Rexford Tom Orotaloa | |
Birth Place: | Malaita, Solomon Islands |
Occupation: | Writer |
Notable Works: | Two Times Resurrection, Suremada: Faces from a Solomon Island Village |
Rexford Tom Orotaloa (born 1956) is a Solomon Islands writer best known for the novel Two Times Resurrection and the story collection Suremada: Faces from a Solomon Island Village. His work often focuses on the conflict between modern and traditional culture.[1] [2]
Orotaloa was born in 1956 and raised in a village on the island of Malaita in the Solomon Islands. He was raised by his grandfather, who taught him traditional tribal chants and songs. He was educated at the King George VI School in the Solomons capital city of Honiara, Guadalcanal.[1]

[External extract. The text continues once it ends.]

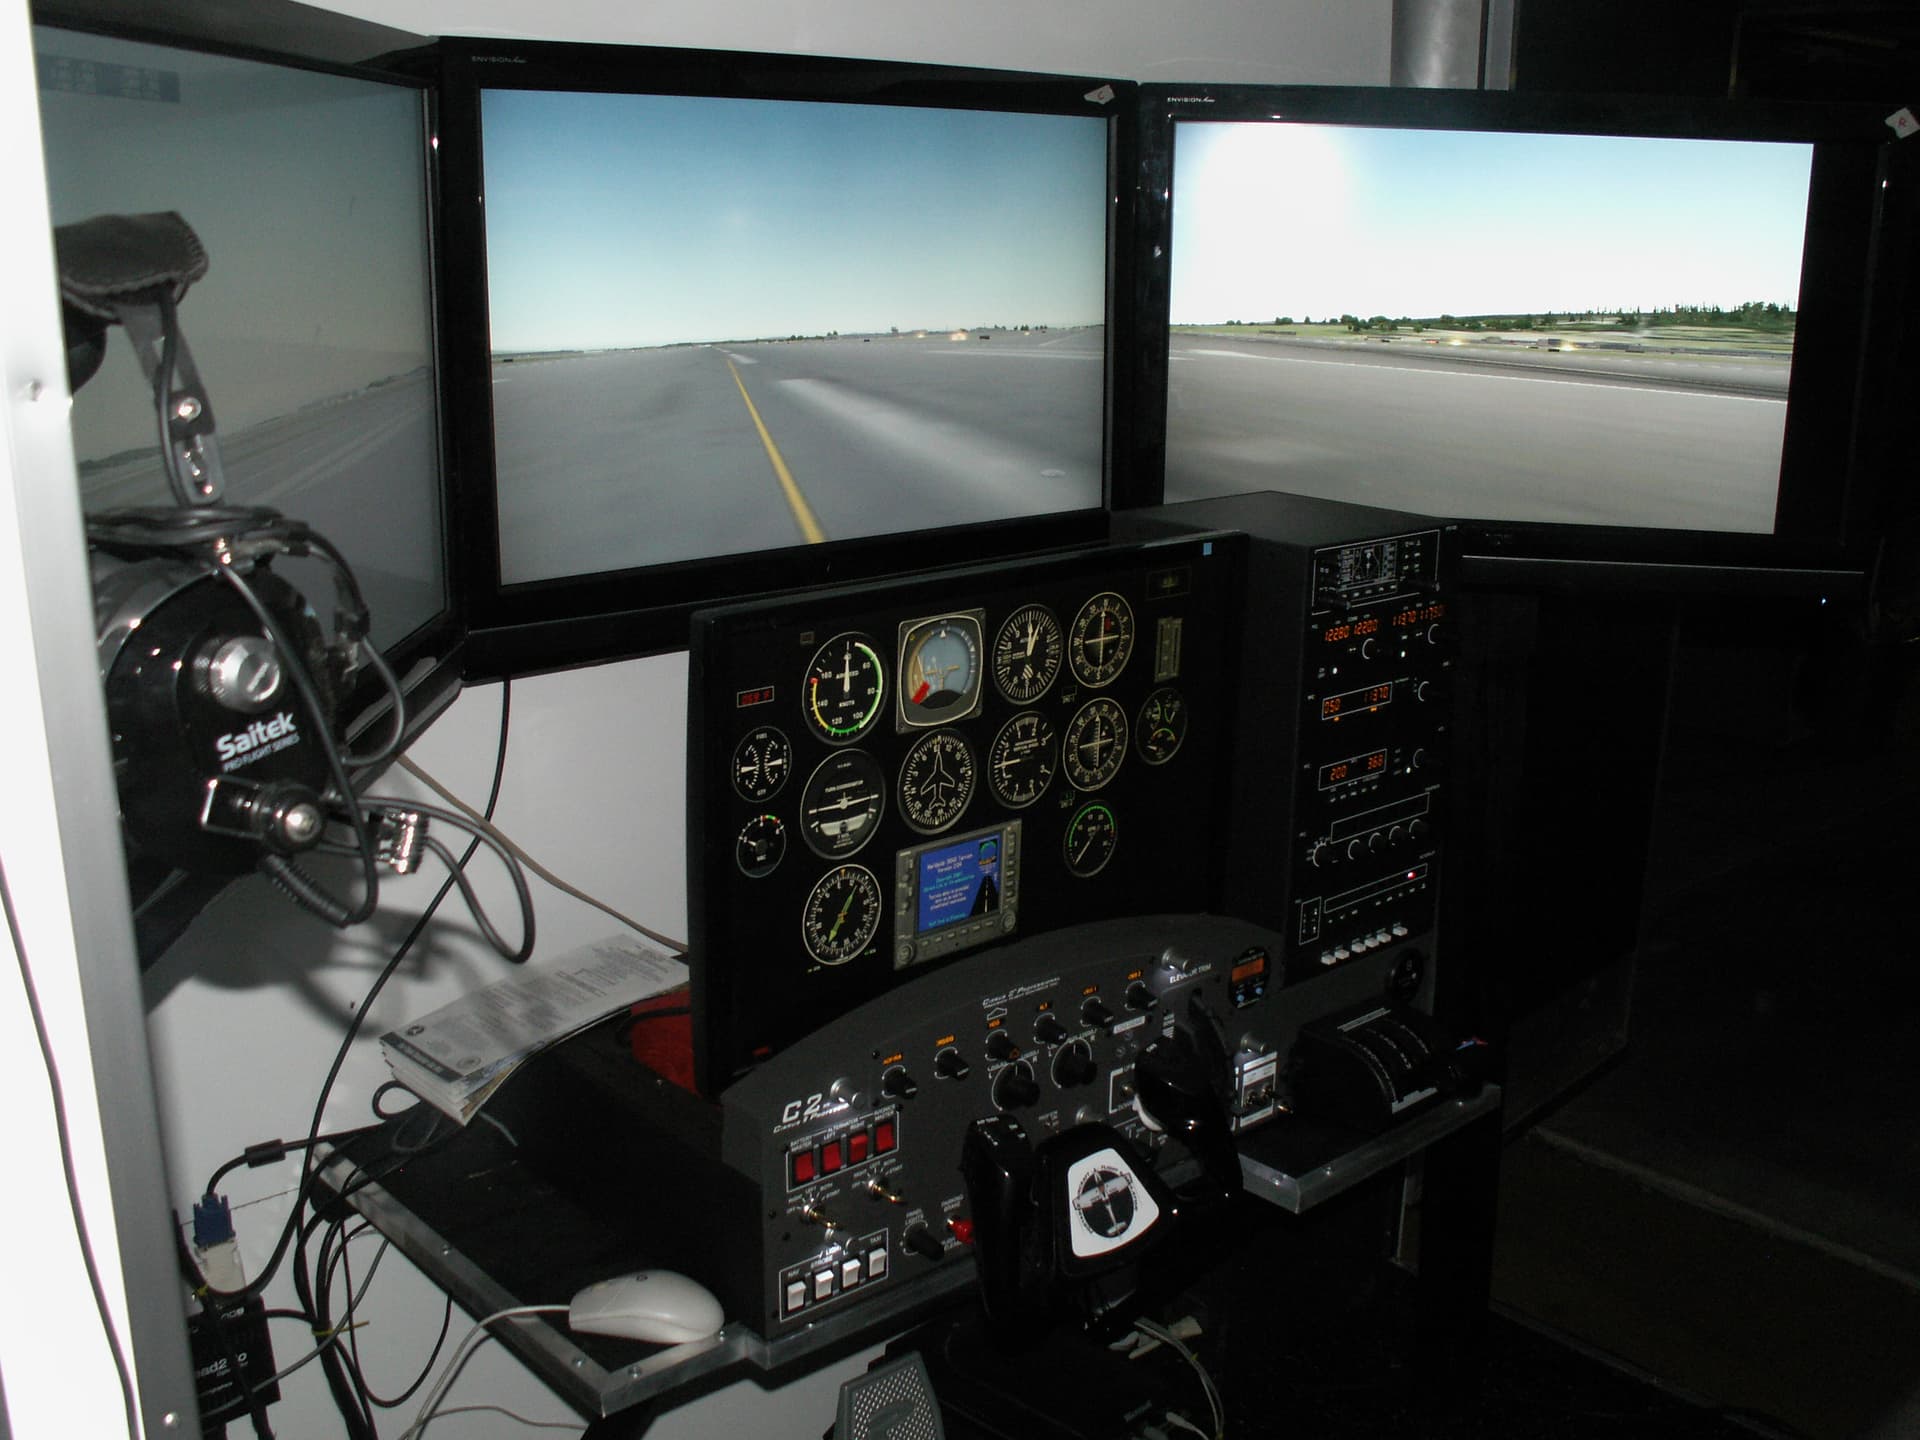 DIY Flight Sims  How to Build a Home Flight Simulator
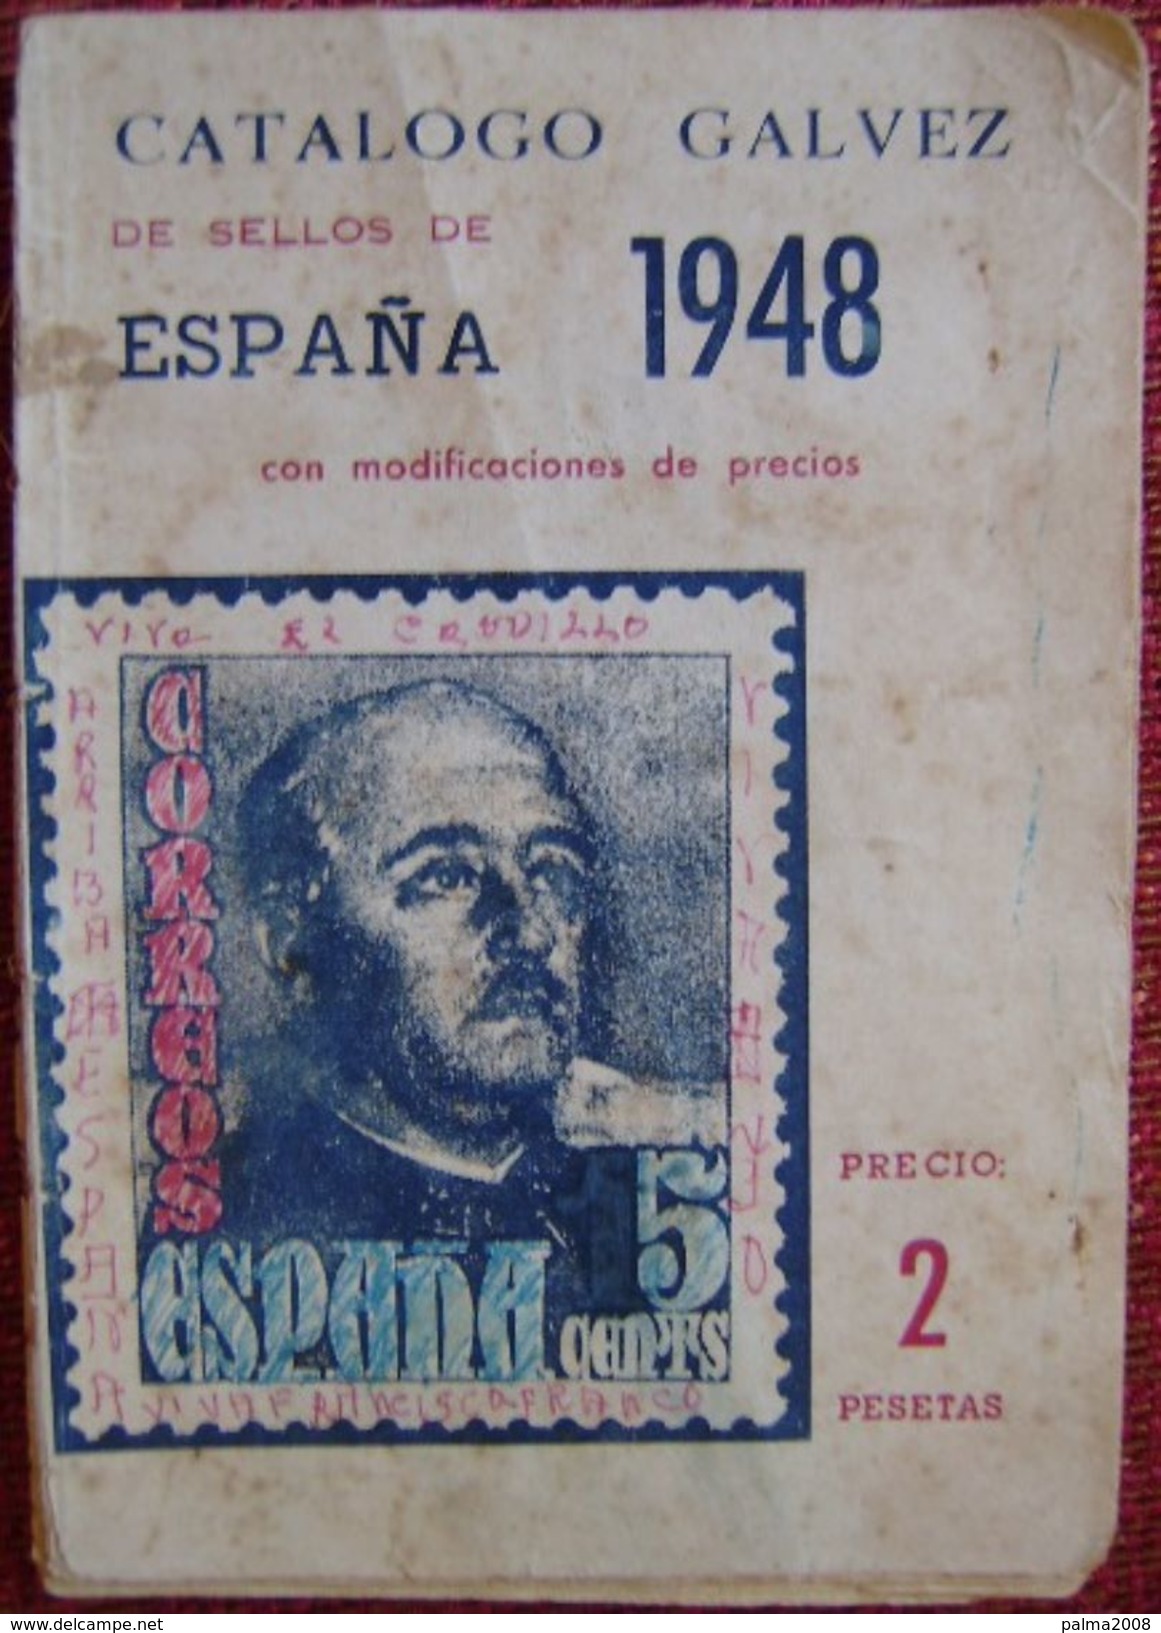 CATALOGO DE GALVEZ ESPAÑA AÑO 1948 - VER FOTOS ADICIONALES - Spain

Orotaloa has published two books, the novel Two Times Resurrection (1989) and the story collection Suremada: Faces from a Solomon Island Village (1985). His writing blends the European-style literary short story with the traditional oral folk tales of his islands, and often uses creolized English.[2] He has also published poetry.[3]
Orotaloa also worked as a teacher and secretary to the local court in Malaita.[1]
Two Times Resurrection is one of the few novels to emerge from the Solomon Islands literary community (along with John Saunana's The Alternative), which has generally produced short stories. Robert Viking O'Brien noted its "elegiac tone" and said that Orotaloa "depicts the capitalist transformation of the Solomon Islands and an individual's struggle to survive that transformation without losing what he values in traditional Melanesian society."[4] In the journal World Literature Today, Stephen Oxenham wrote that the novel's "fusion of oral and literary convention gives it a peculiar power and charm". He called Orotaloa "a writer of unusual and highly individual perception," whose work "is unlikely to have any counterpart in modern Pacific writing."[5]
The Pacific Islands: An Encyclopedia said that Orotaloa's "episodic semi-autobiography and loosely connected stories can be ungainly at times, but are always lively."[2] Samoan poet and writer Albert Wendt, in Nuanua: Pacific Writing in English Since 1980, praised Orotaloa's "complex storytelling style" and use of traditional mythology and oral literary techniques.[6]